Rating changes in the Folyami system don't add up to zero because of provisional status, which makes ratings change faster for pipsqueaks with less than twelve races. The direction of the global change depends on which share of those newcomers succeed in getting strong results and improving their ratings. That being so, a slow decrease of the global mean is expected.
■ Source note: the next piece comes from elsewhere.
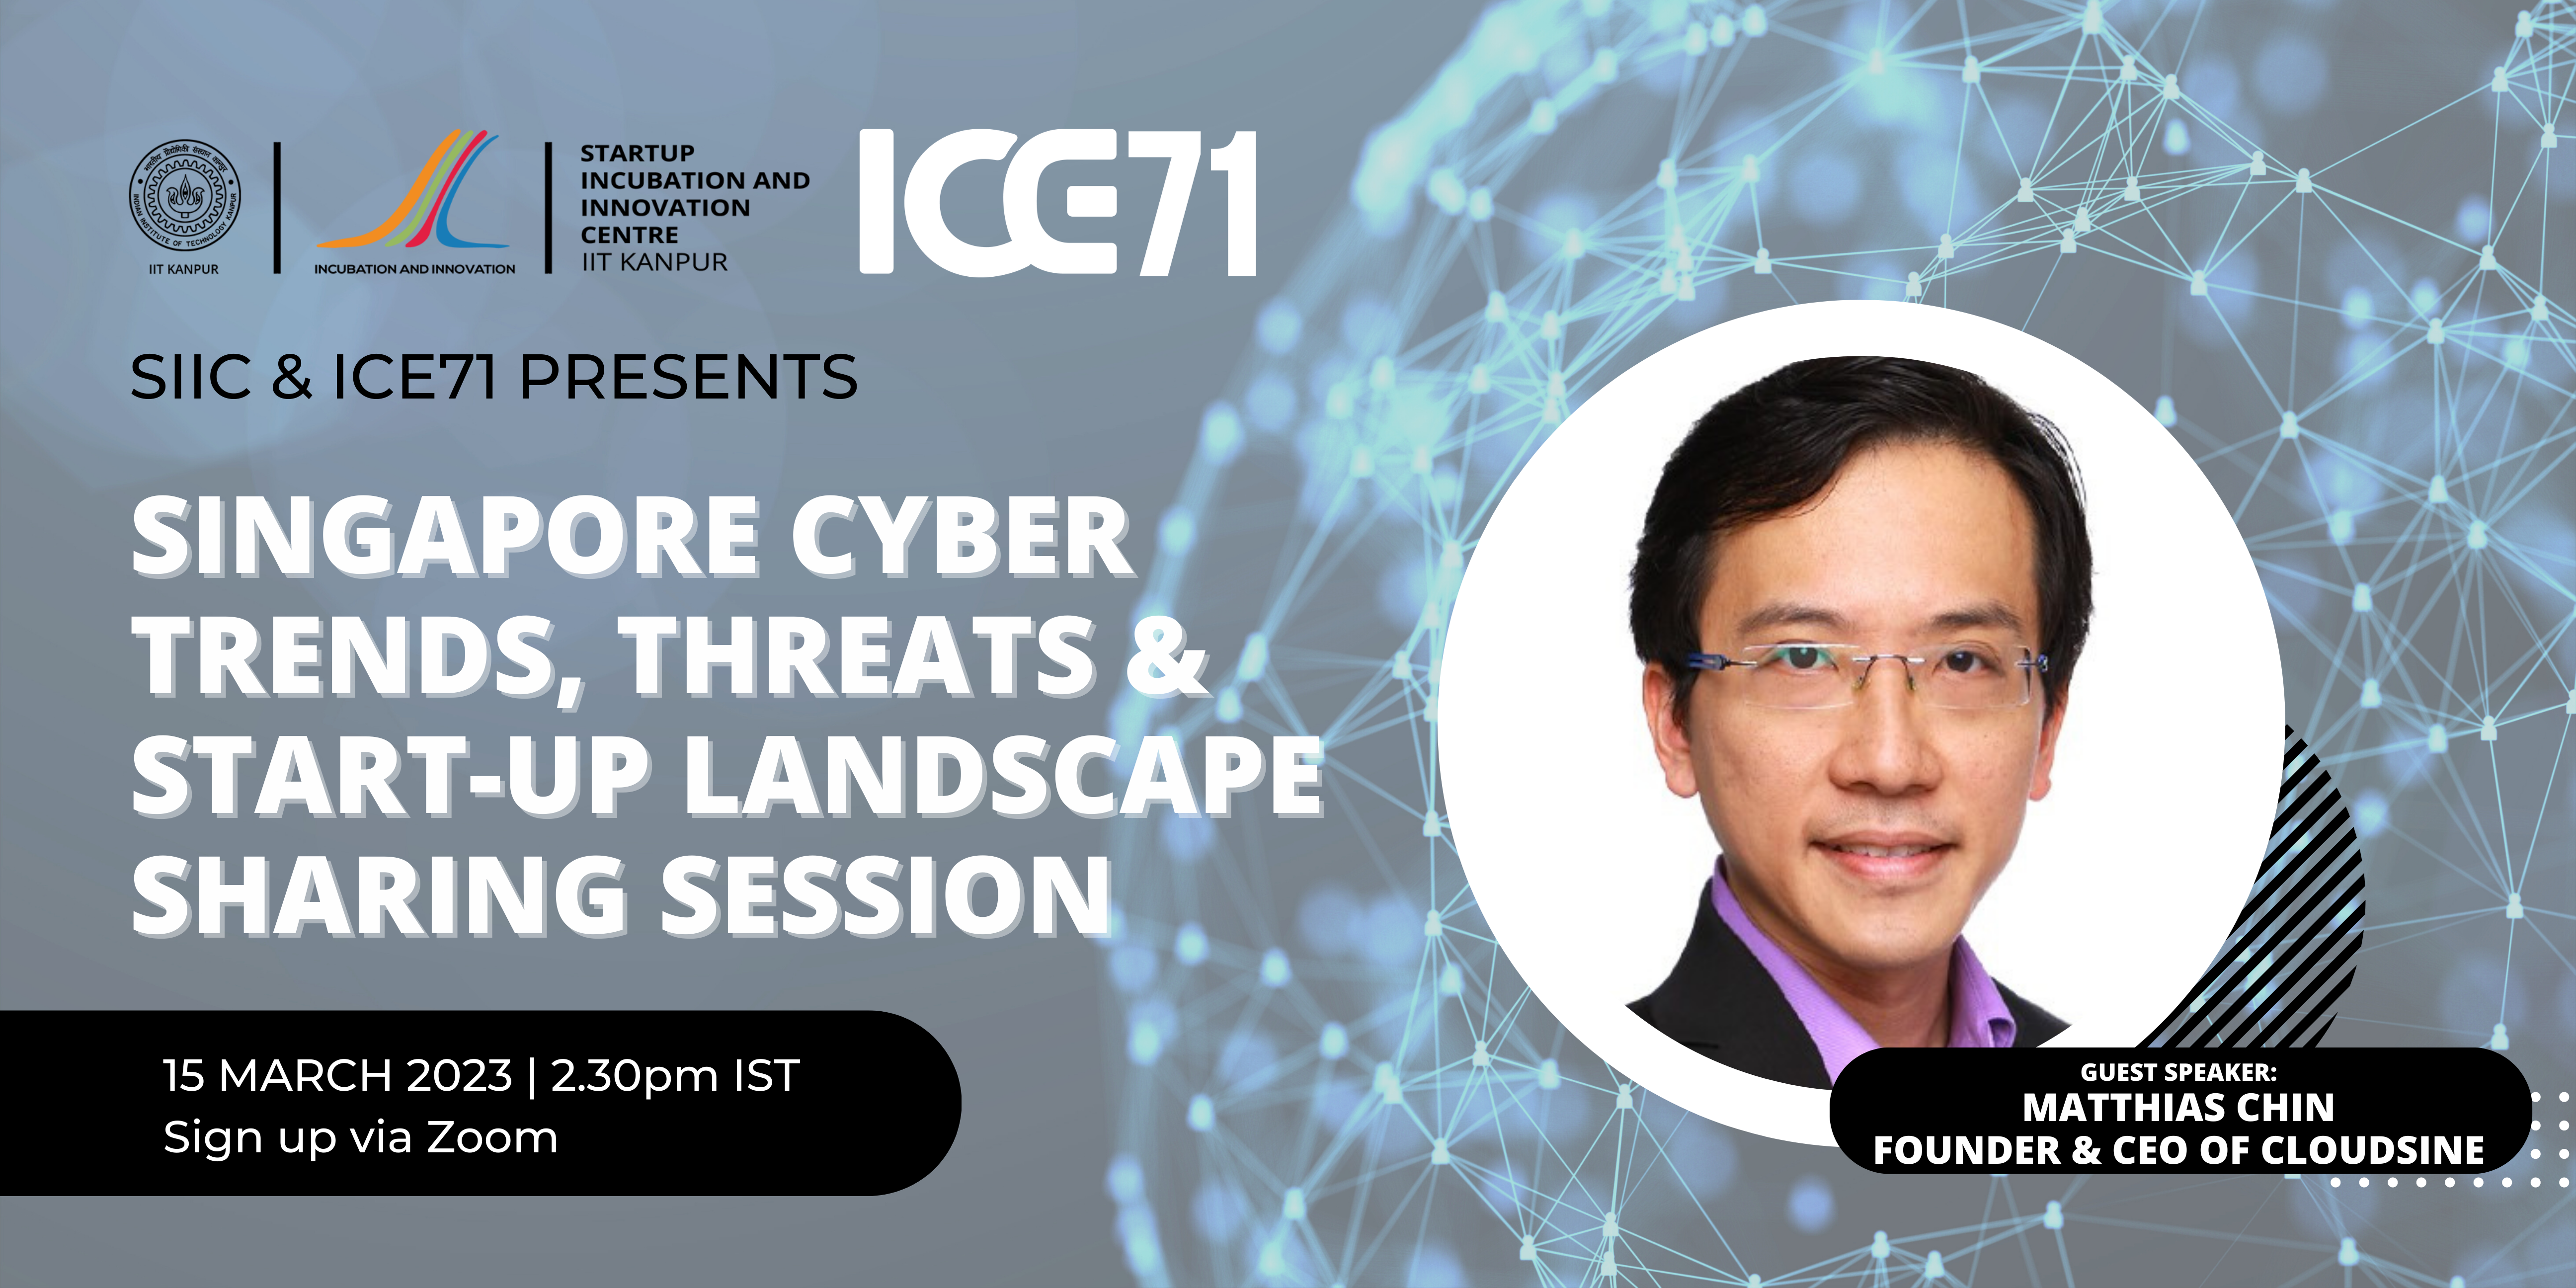 Singapore Cyber Trends, Threats & Start-up Landscape Sharing Session with SIIC

Lastly, for something of a compromise between looking at the current ranking mean and the global mean, we might try looking at the mean rating across pipsqueaks that have made it to historical ranking (that is, which have at least five included races and thus made it at least once to the current ranking):



That looks remarkably stable, with the mean having remained pretty much static throughout the Middle Ages, and seeing only a very mild downward shift in the last few seasons.

Duplode

A small but useful update to the Folyami graph: the legend is now sorted according to the current ranking. That helps with something @alanrotoi asked for a long time ago: a convenient way to check past rankings. Now you can hover the mouse over (or touch) any chosen race (to make that easier, use the handles under the chart to zoom into a smaller range), and the legend below will, in effect, display the ranking:


Duplode

#38
Some Forum bookkeeping: I have split the monthly updates of the ratings into a separate thread on the ZakStunts area of the Forum; the general discussion of the rating system and the site features remains here on the original topic. By the way, the I plan to post the ZCT285 update tonight ;)

Edit: Of course I was going to do all that and then announce the split on the thread I didn't mean to  :D Now fixed.